The company flagged some start-up difficulties in an operations update earlier this month.
KLL remains confident and expects to have accumulated sufficient ‘start-up grade’ harvested potassium salt (KTMS) by June.
The re-start of its SOP purification plant is also expected in June, with targeted commercial SOP sales from July.
Kalium Lakes had around $48 million in cash late Feb and $176 million of drawn senior debt facilities with NAIF and KfW – but said that with its revised production ramp-up schedule it will require further external funding by Q3 FY22.
It’s worth noting that Kalium’s stage one production is already tied up in a 10-year offtake deal with German fertiliser king K+S, which currently supplies more than 60 per cent of the Australian and New Zealand SOP markets.
(Up on no news)
Another aspiring fertiliser play.
Earlier this month construction kicked off on non-process infrastructure for the initial production plant at its 800,000tpa ‘Ardmore’ phosphate project in Queensland.
First production is on schedule for July this year with first shipment in August.
“Planning and contract discussions are well advanced for production and shipment of five individual 5,000 tonne trial parcels (25,000t total) to be sent to customers for their prequalification,” the company said.
“Negotiations continue with these customers for potential longer-term arrangements over the remaining 50% of uncommitted first right production offtake.”
The $60m market cap stock, which hit a four-year high in early trade today, is up 61% year-to-date.
The newly listed stock has hit the bourse with a bang, up 40% in early trade.
FEG boasts a 1Moz and growing gold resource at the ‘Wonogiri’ project in Indonesia.
There’s also ‘Trenggalek’, where more than 17,700m of drilling has been carried out to date, and ‘Woyla’, a project previously held by Barrick Gold and Newcrest.
FEG also has a bunch of earlier stage projects in Australia.
Cumulatively, over $40m has been spent across the portfolio to date, it says.
The explorer has pulled up thick and shallow gold at good grades in early-stage drilling at several prospects in WA.
Highlights include 7m at 5.36g/t gold from 31m at ‘Transylvania’ and 15m at ~2g/t from 51m (including 1m at 13.8g/t) at ‘Kingswood’.

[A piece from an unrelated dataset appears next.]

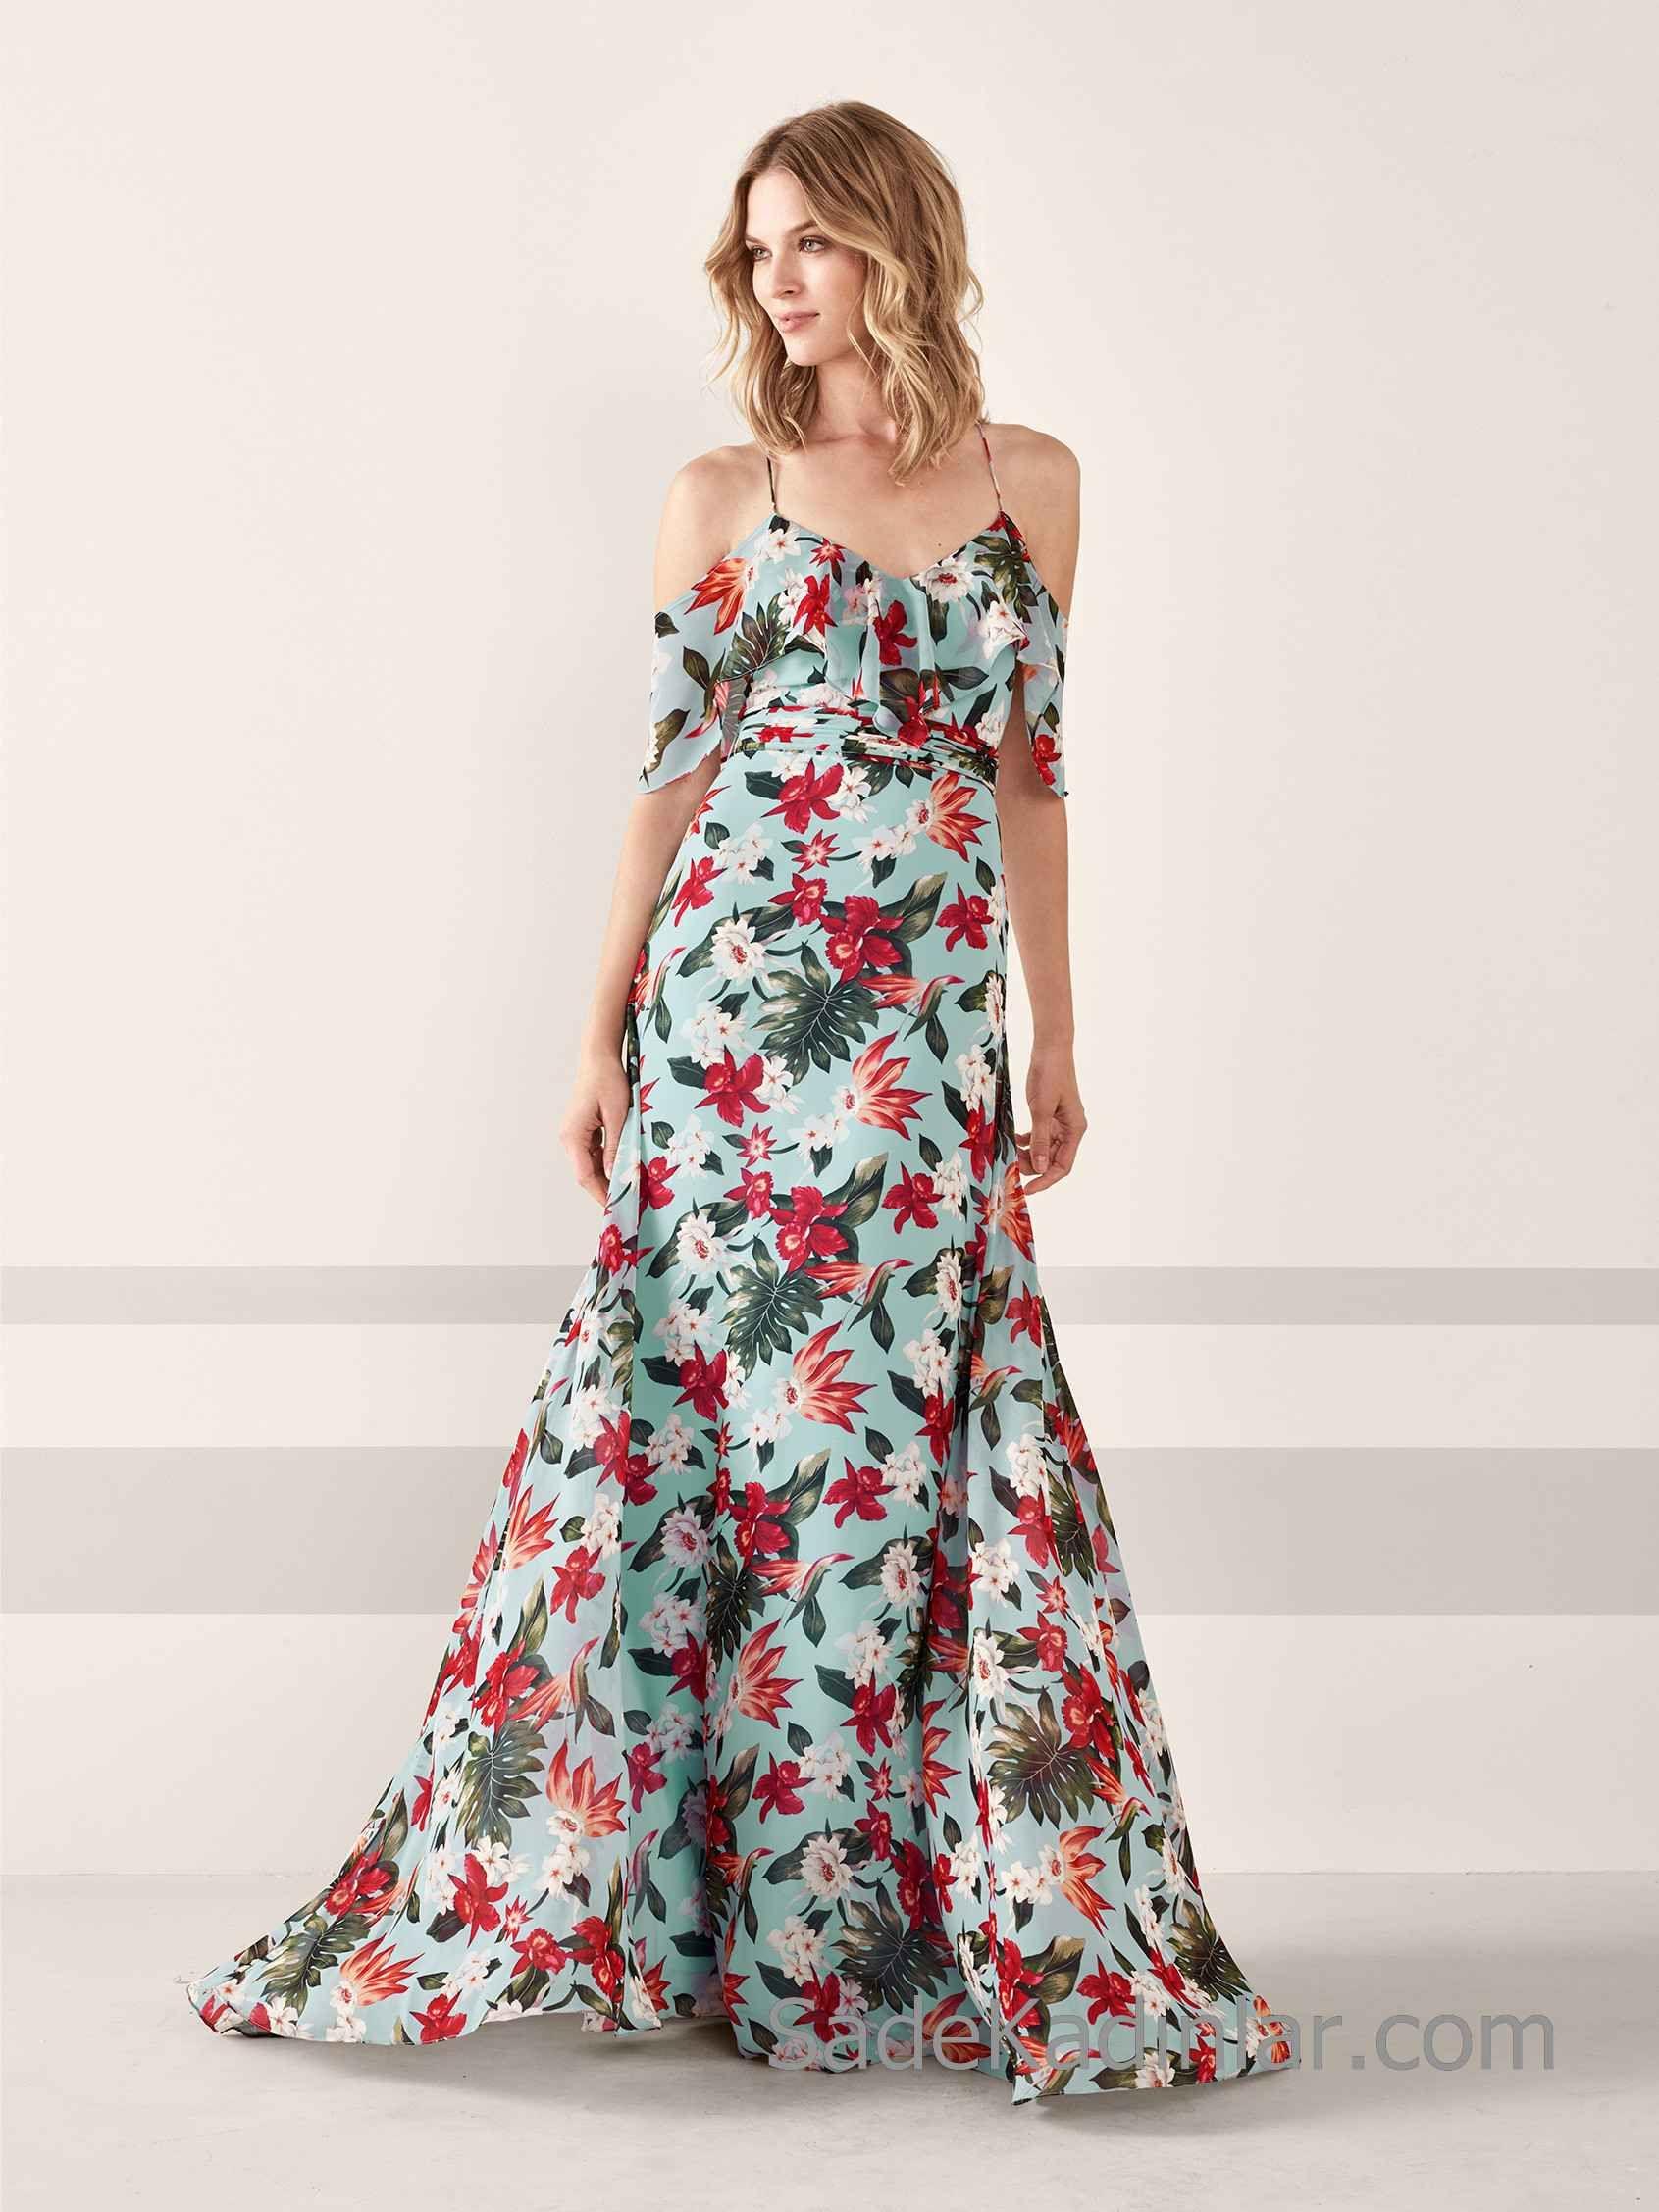 Pronovias 2020 Abiye Elbise Modelleri Yesil Uzun Ip Askili Klos Etekli Firfirli Yakali Cicek Baskili Maksi Elbiseler Elbise Modelleri Balo Elbiseleri

“We are very encouraged by these results as the majority of the gold intercepts are at shallow depth and mineralisation remains open with strong potential for open pit development,” OAU chairman Rick Crabb says.
“We are particularly excited about the company’s first drilling of the Kingswood Prospect within the Abernethy Shear Zone, which is a large 7-kilometre-long mineralised structure incorporating tonalite intrusive.
“The Transylvania prospect is now shaping up for resource drilling and the company’s first drilling on the Crown Prince East gold prospect was successful in intersecting mineralisation in the same area as previous explorers (8m at 2.89g/t Au from surface CKAC018 – Doray Minerals Limited).
“Our drilling continues to show the potential of the Garden Gully Gold Province to build on the existing resource at the Crown Prince mining lease.
“The main near-surface targets are open-ended shallow mineralisation on the Lydia mining lease, Transylvania and the Abernethy Shear Zone and the large targets in the deeper gold mineralisation in the primary zone under these prospects.”
The $20m market cap stock is down 25% year-to-date. It had $1.6m in the bank at the end of December.